- Task statement
Everything from the first line of the records to the line containing "Milwaukie Hole Hawg", inclusive, is to be extracted exactly, and nothing more.

- Source data
^^^^^^^^

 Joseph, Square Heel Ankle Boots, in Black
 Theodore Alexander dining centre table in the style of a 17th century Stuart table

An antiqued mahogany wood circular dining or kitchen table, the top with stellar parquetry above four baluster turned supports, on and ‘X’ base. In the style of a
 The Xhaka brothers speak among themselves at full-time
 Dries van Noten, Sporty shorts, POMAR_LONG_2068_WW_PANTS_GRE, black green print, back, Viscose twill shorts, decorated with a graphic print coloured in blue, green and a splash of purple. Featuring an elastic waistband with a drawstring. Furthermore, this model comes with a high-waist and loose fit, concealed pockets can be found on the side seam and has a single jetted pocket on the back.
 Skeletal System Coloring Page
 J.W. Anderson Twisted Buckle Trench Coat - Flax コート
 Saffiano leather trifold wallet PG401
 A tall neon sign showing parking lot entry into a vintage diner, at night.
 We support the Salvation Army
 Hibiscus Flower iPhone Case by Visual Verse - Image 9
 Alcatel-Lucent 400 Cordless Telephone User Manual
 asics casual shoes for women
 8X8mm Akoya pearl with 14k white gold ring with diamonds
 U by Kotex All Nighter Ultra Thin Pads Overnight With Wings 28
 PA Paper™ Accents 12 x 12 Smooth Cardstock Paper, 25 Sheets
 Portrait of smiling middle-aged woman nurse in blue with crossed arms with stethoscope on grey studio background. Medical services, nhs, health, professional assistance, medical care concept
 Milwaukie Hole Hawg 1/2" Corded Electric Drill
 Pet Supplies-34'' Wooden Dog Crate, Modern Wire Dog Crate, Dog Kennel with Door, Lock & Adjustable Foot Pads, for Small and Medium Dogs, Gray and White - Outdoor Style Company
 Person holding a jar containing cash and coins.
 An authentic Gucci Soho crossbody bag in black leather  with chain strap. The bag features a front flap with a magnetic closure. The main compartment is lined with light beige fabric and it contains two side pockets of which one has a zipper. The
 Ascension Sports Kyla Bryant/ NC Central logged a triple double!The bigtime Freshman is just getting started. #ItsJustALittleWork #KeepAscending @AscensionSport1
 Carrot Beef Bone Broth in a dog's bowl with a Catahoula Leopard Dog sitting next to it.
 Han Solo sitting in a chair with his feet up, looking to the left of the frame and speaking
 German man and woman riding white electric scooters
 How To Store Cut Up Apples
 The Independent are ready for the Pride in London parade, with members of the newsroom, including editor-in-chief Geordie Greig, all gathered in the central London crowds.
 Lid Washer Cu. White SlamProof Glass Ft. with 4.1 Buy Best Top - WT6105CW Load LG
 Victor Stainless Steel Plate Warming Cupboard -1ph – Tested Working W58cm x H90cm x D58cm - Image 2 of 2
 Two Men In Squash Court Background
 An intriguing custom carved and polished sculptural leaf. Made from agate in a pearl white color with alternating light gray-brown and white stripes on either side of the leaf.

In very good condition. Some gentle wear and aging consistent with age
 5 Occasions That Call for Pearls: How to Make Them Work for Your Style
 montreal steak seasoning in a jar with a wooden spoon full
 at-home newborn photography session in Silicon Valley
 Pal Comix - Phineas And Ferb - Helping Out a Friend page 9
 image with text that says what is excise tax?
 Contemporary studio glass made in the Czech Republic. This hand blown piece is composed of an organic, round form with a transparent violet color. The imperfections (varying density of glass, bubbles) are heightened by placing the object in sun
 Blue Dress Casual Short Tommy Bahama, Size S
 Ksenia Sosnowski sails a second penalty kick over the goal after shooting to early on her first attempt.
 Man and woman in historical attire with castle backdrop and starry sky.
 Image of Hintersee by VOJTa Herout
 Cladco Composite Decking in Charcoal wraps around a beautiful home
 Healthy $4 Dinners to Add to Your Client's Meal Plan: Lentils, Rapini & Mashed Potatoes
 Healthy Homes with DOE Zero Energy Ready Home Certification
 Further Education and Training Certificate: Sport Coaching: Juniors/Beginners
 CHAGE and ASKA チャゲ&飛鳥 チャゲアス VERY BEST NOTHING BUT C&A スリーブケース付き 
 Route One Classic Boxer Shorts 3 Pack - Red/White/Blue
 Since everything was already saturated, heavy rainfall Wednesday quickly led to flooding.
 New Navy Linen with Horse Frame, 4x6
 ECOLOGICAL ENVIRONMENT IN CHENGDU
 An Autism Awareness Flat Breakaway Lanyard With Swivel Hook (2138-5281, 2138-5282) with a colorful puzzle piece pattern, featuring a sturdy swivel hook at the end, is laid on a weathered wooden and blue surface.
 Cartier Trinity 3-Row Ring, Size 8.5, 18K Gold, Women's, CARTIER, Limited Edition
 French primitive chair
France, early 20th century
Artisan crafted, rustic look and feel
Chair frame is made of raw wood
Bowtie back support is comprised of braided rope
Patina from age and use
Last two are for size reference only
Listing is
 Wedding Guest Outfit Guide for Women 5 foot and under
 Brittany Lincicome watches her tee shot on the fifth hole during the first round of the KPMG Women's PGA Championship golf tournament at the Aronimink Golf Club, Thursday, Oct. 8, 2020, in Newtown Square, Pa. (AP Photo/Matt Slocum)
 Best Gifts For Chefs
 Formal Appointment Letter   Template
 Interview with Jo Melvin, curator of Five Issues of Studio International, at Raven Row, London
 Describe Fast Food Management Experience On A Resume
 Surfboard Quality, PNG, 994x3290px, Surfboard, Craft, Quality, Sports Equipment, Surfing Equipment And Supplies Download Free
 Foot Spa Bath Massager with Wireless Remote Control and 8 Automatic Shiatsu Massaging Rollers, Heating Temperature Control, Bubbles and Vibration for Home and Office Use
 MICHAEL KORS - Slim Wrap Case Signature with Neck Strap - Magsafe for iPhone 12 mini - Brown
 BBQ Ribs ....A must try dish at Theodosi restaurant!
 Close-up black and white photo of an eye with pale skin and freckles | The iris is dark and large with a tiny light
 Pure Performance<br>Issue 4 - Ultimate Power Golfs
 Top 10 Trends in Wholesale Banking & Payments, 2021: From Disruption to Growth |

^^^^^^^^

- Your solution
 Joseph, Square Heel Ankle Boots, in Black
 Theodore Alexander dining centre table in the style of a 17th century Stuart table

An antiqued mahogany wood circular dining or kitchen table, the top with stellar parquetry above four baluster turned supports, on and ‘X’ base. In the style of a
 The Xhaka brothers speak among themselves at full-time
 Dries van Noten, Sporty shorts, POMAR_LONG_2068_WW_PANTS_GRE, black green print, back, Viscose twill shorts, decorated with a graphic print coloured in blue, green and a splash of purple. Featuring an elastic waistband with a drawstring. Furthermore, this model comes with a high-waist and loose fit, concealed pockets can be found on the side seam and has a single jetted pocket on the back.
 Skeletal System Coloring Page
 J.W. Anderson Twisted Buckle Trench Coat - Flax コート
 Saffiano leather trifold wallet PG401
 A tall neon sign showing parking lot entry into a vintage diner, at night.
 We support the Salvation Army
 Hibiscus Flower iPhone Case by Visual Verse - Image 9
 Alcatel-Lucent 400 Cordless Telephone User Manual
 asics casual shoes for women
 8X8mm Akoya pearl with 14k white gold ring with diamonds
 U by Kotex All Nighter Ultra Thin Pads Overnight With Wings 28
 PA Paper™ Accents 12 x 12 Smooth Cardstock Paper, 25 Sheets
 Portrait of smiling middle-aged woman nurse in blue with crossed arms with stethoscope on grey studio background. Medical services, nhs, health, professional assistance, medical care concept
 Milwaukie Hole Hawg 1/2" Corded Electric Drill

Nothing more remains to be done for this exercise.